• Material provided:

....................

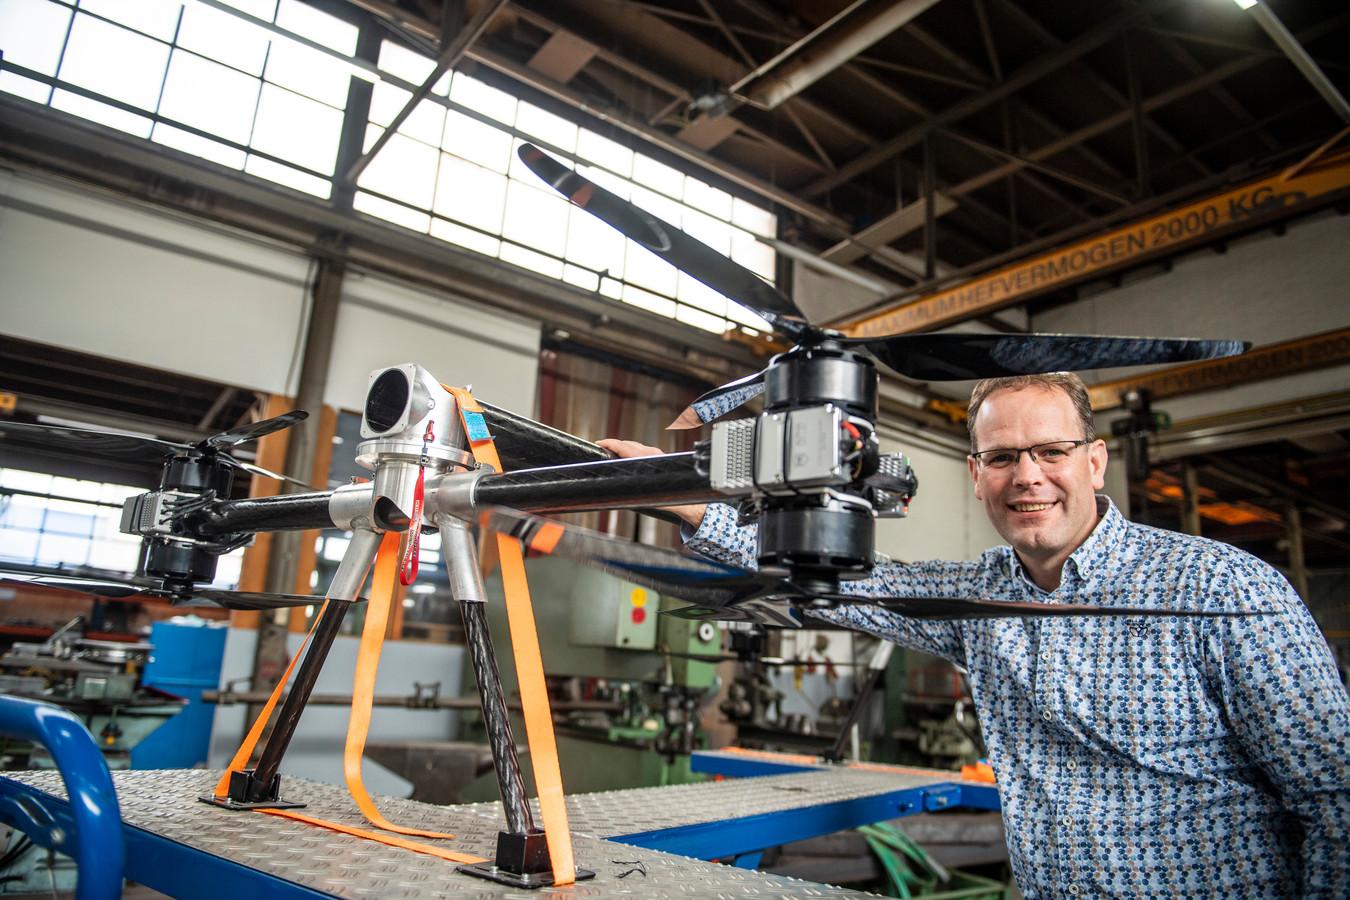 Eelco Osse, directeur van Boessenkool in Almelo, kan niet wachten totdat het sein op groen gaat voor zijn drones.
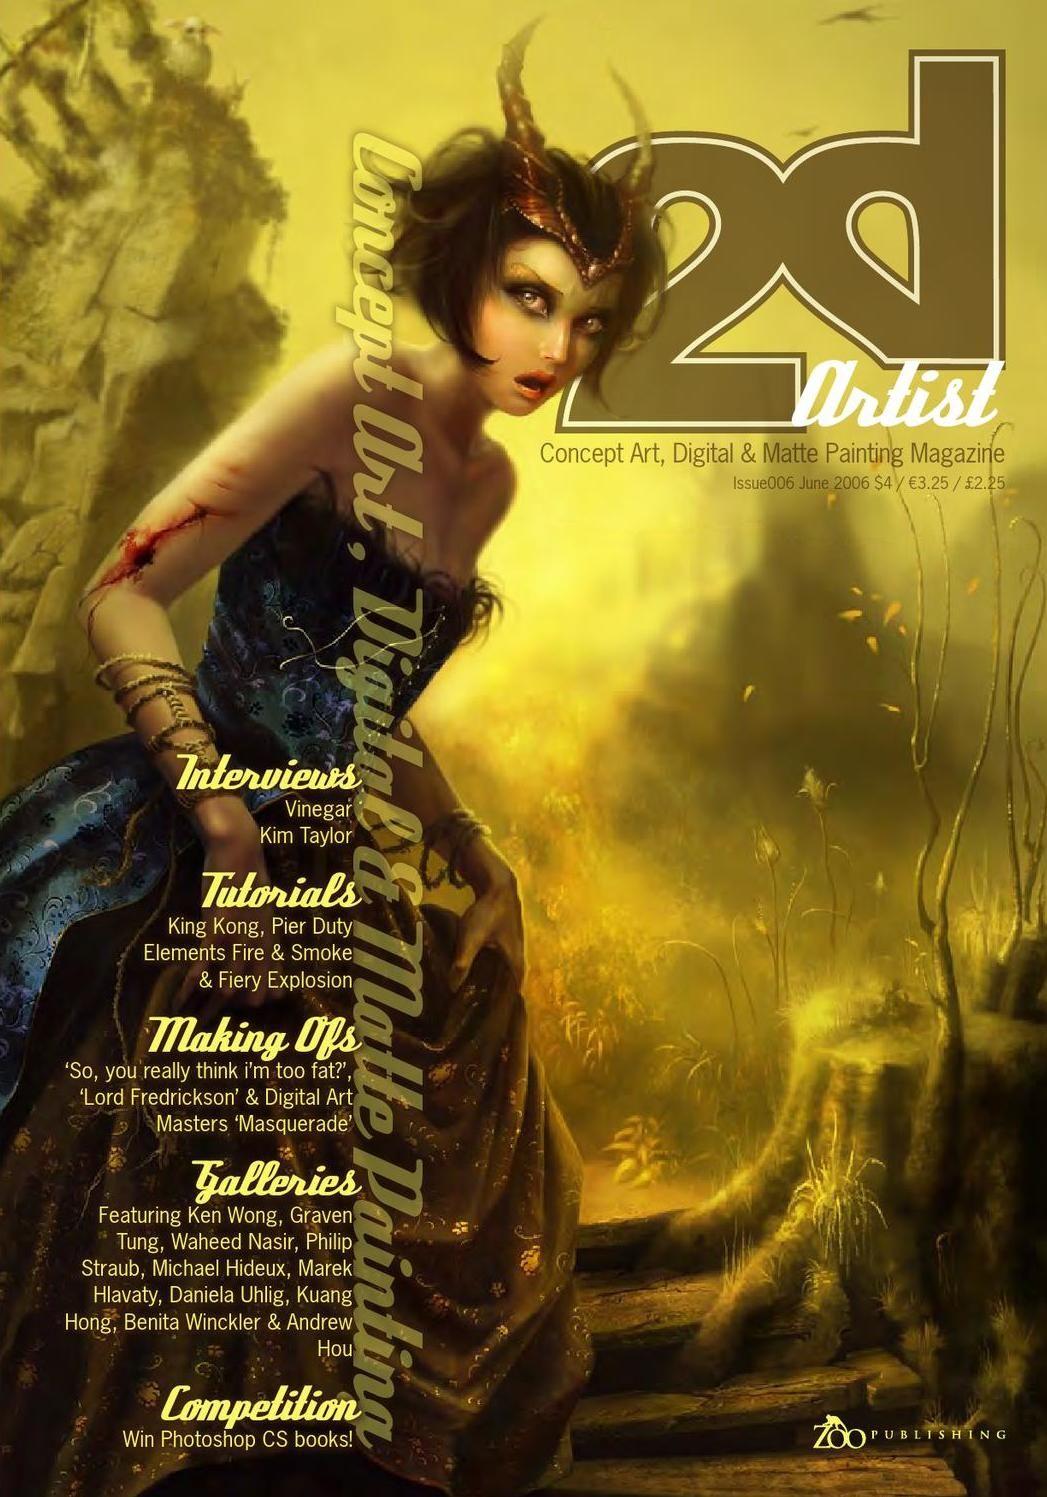 #ClippedOnIssuu from 2DArtist Magazine Issue 006 June 2006
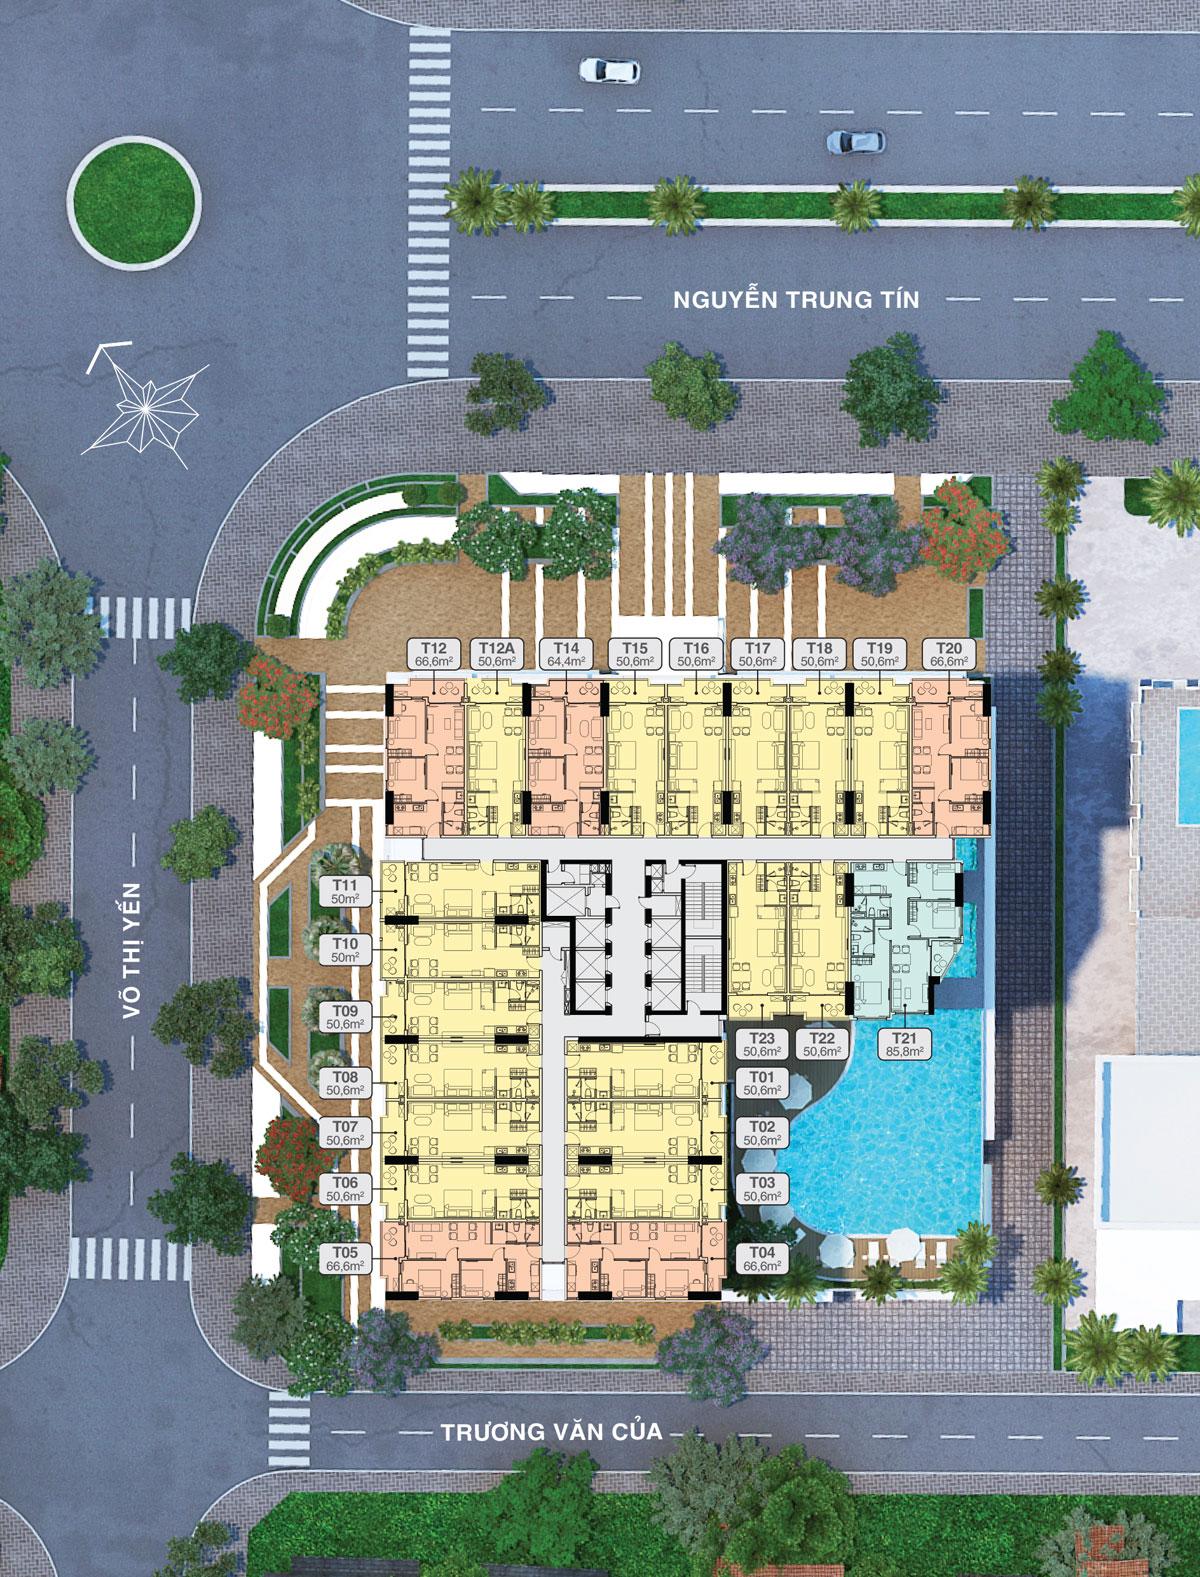 Mặt bằng tầng 6 -34 căn tệt thương mại block Tropical
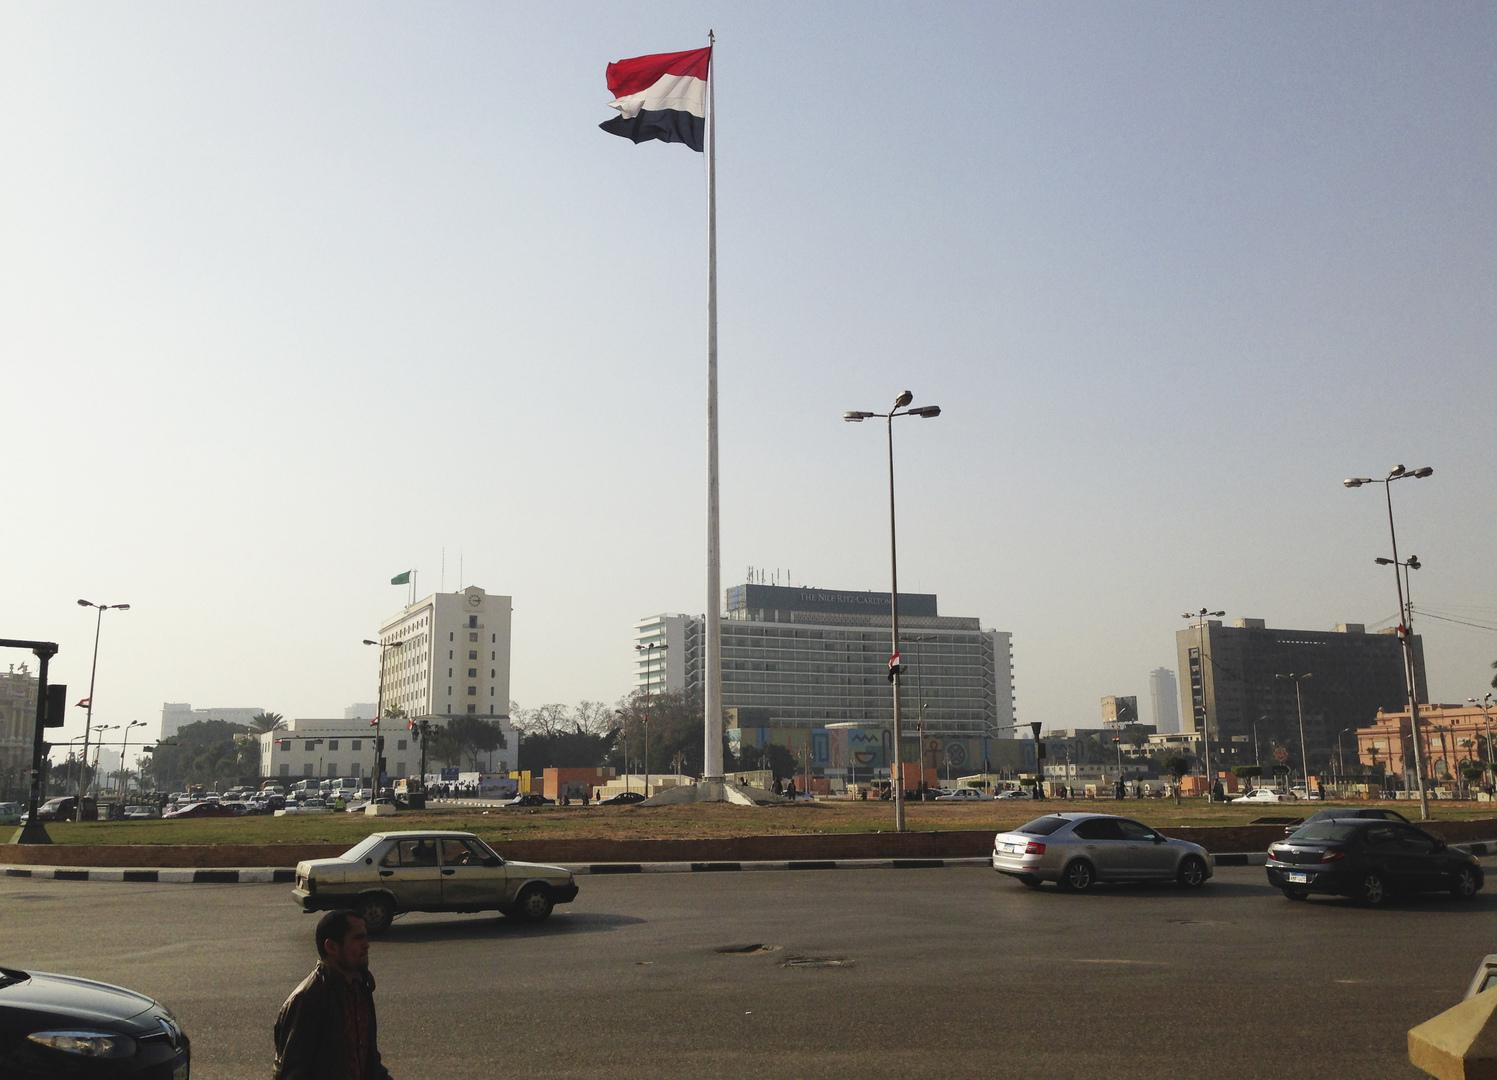 سفير مصر في واشنطن: تكرار ممارسات إثيوبيا الأحادية في أحواض الأنهار سيكون له تبعات جسيمة

....................

• Required action: From the first line of the material down to the line containing "Mặt bằng tầng", inclusive, return each line exactly, skipping any picture.

• Answer to this problem:
 Eelco Osse, directeur van Boessenkool in Almelo, kan niet wachten totdat het sein op groen gaat voor zijn drones.
 #ClippedOnIssuu from 2DArtist Magazine Issue 006 June 2006
 Mặt bằng tầng 6 -34 căn tệt thương mại block Tropical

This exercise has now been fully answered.